View from Cedar East Woods Deer Blind starting
north and rotating 360 degrees, counterclockwise.
  • Saturday, 10/29: Garden Plant Cleanup & Final Deer Blind Work
    • Mom sent some text messages. She's in Glasgow, MT, visiting Hank for the weekend. Her hip is doing better. She notices a marked improvement over the way her hip was prior to her surgery. "I should not have waited as long as I did," she texted.
    • I sharpened the mower blade.
    • Mary cleaned out corn and tomato plants from the south side of the far garden. "That was an awful job," she said. Mary told me it's the least favorite garden job that she performs yearly.
    • I marked the trails to the Cedar East Woods Deer Blind and to Bobcat Deer Blind with reflective tacks.
    • I also nipped a few woody shrubs on the path to Bobcat Deer Blind. Then, I wired 3 pieces of hog fencing to better hide my presence in that deer hunting location. It's a proven spot that I've used ever since we moved here in 2009.

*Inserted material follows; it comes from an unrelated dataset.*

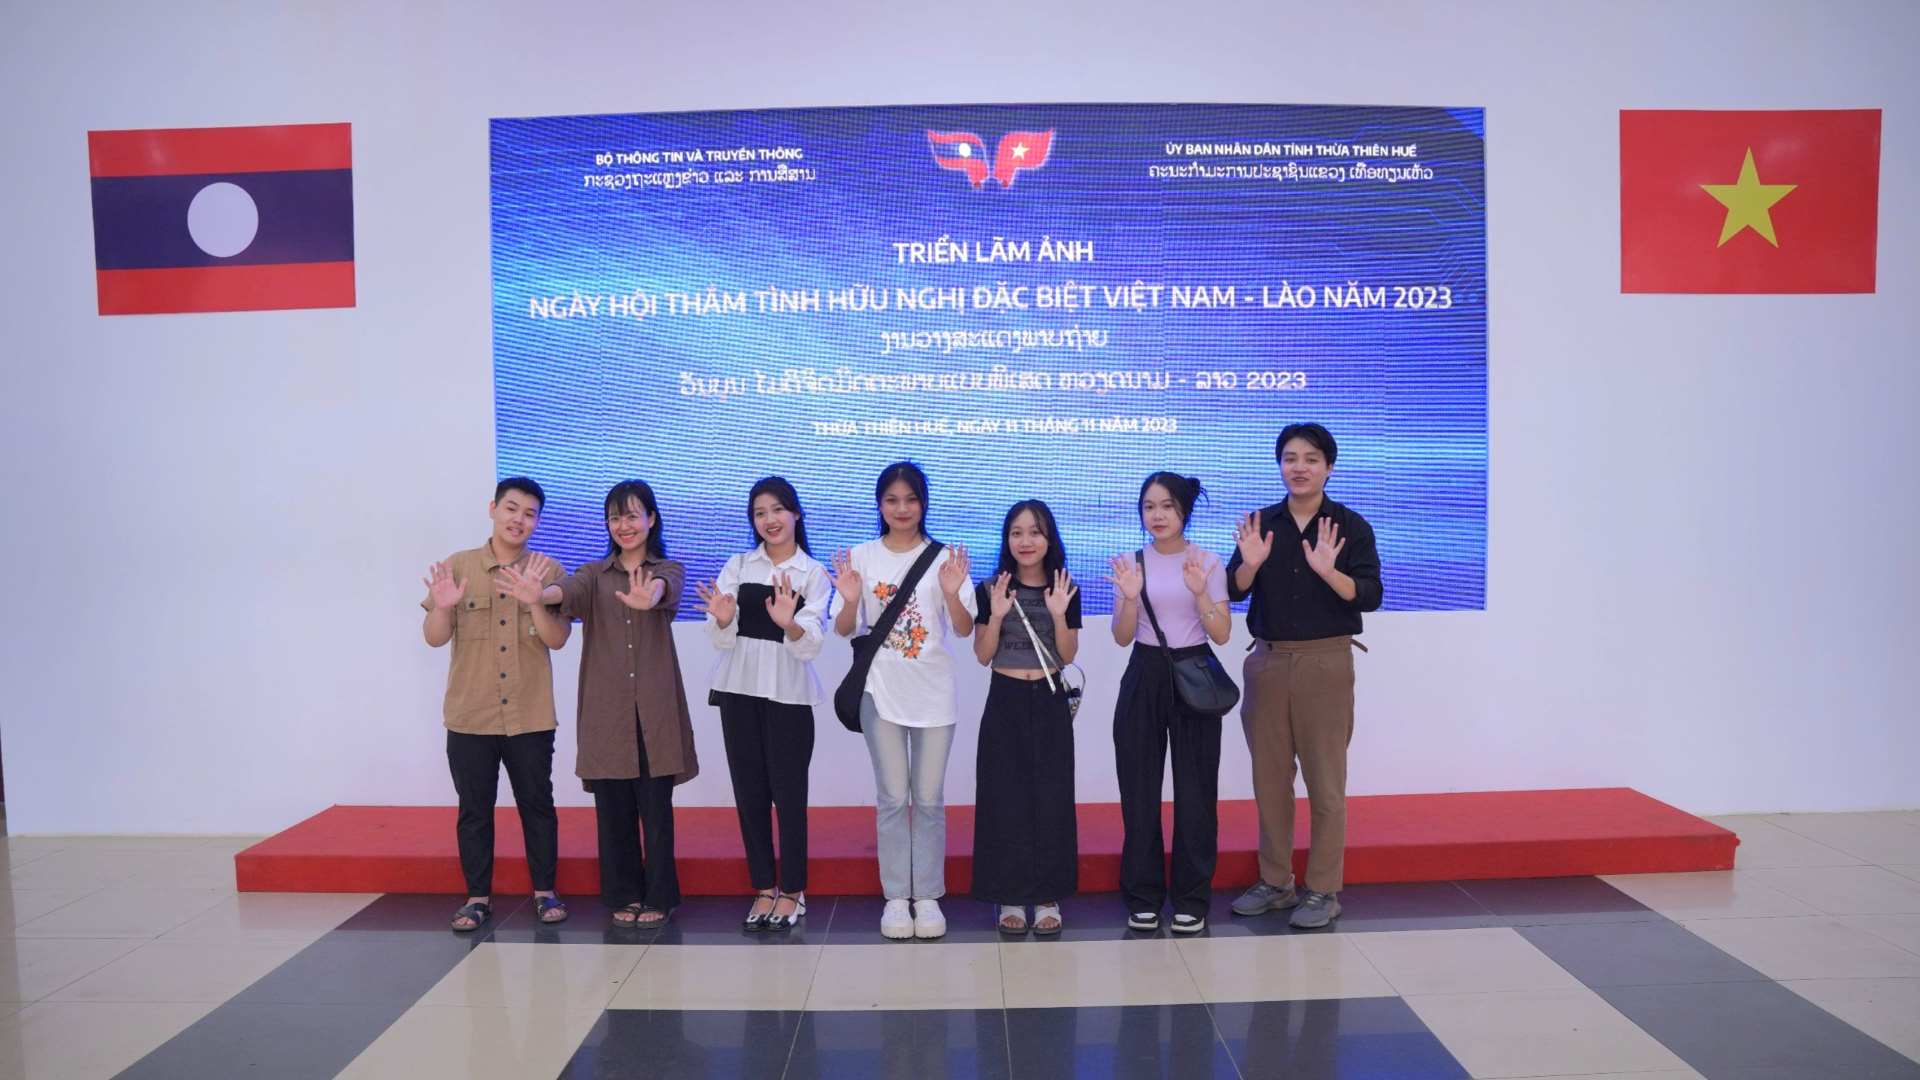 Khai mạc từ ngày 11.11 và kéo dài đến ngày 15.11, ngày hội diễn ra với chuỗi các hoạt động như: Triển lãm ảnh, Hội chợ – Triển lãm, Tọa đàm khoa học và Đêm giao lưu nghệ thuật Việt Nam – Lào. 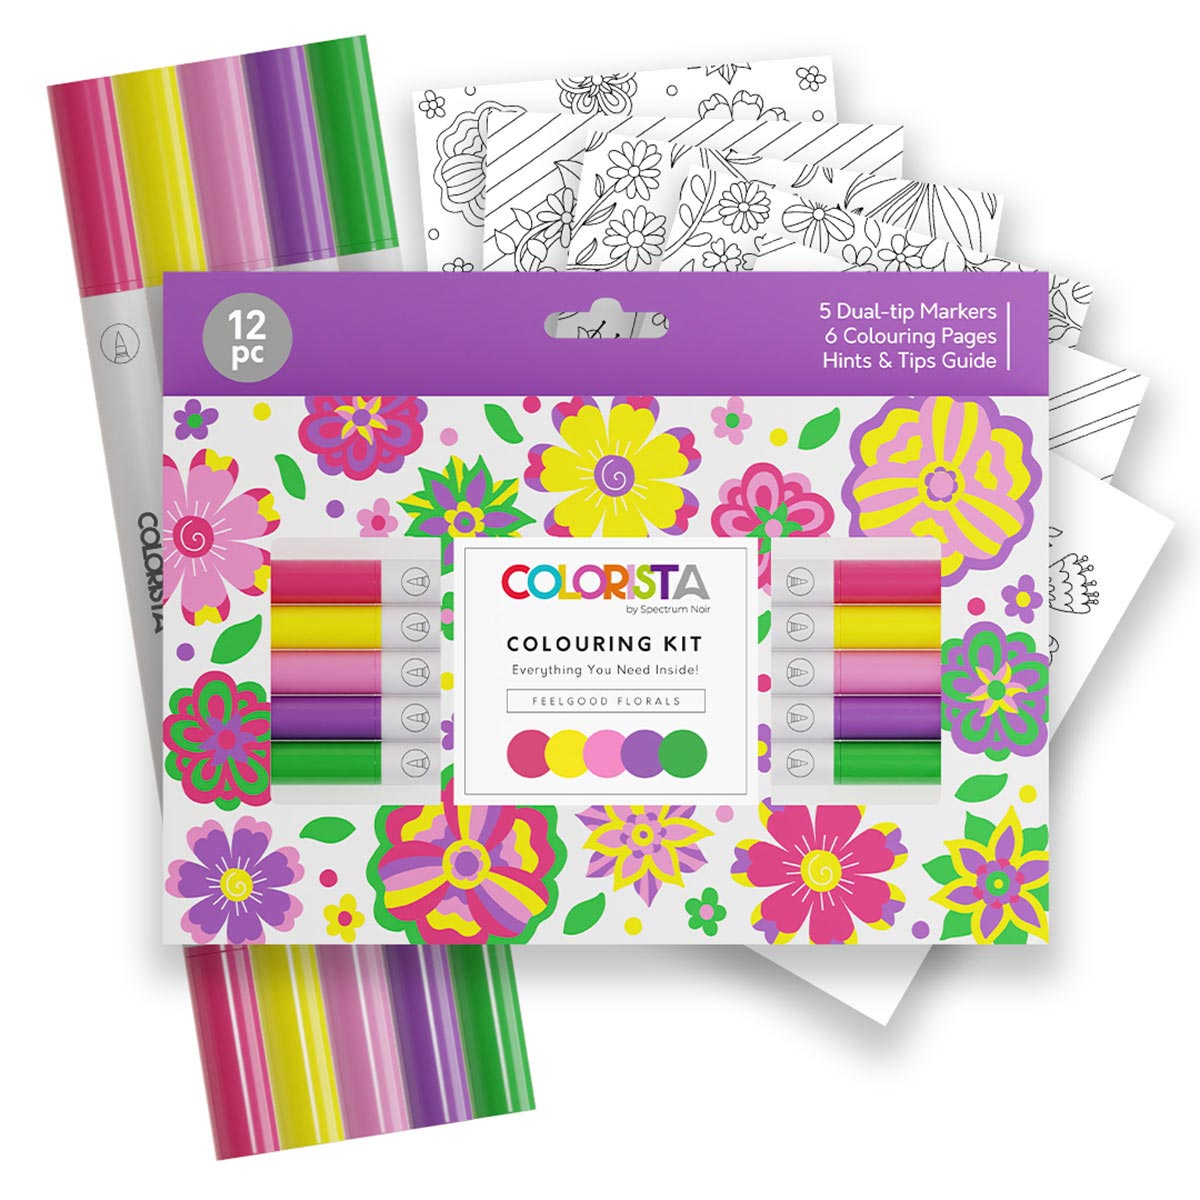 Spectrum Noir Colrista - Kit de coloriage - marqueurs de pinceau à double pointe - Florals Feelgood

    • This weekend is the first youth firearms deer hunting season. Hunters must be age 6 to 15. Mary ran into Zelma and Ansel Marquette while getting the mail. They were visiting their grandson, who is hunting on Ansel's land, which is adjacent to our SW property line. Ansel, who is 90, told Mary he doesn't hunt anymore. He owns property south of us, too, and told Mary several pears are under a tree at that location that we could have, if we wanted. Near sundown, we heard one shot from that SW location. It's the only shot we heard all day.
    • Mary heard the song of a white-throated sparrow. She said it's known at the Peabody bird, because it says, "Peabody, Peabody." She usually only hears them sing in the early spring, before they head north.
    • Mary and I picked persimmons and pecans. The numbers are dwindling. Squirrels are now hitting bad pecans nuts. We think wild nuts number are really low. It will be a tough winter for squirrels.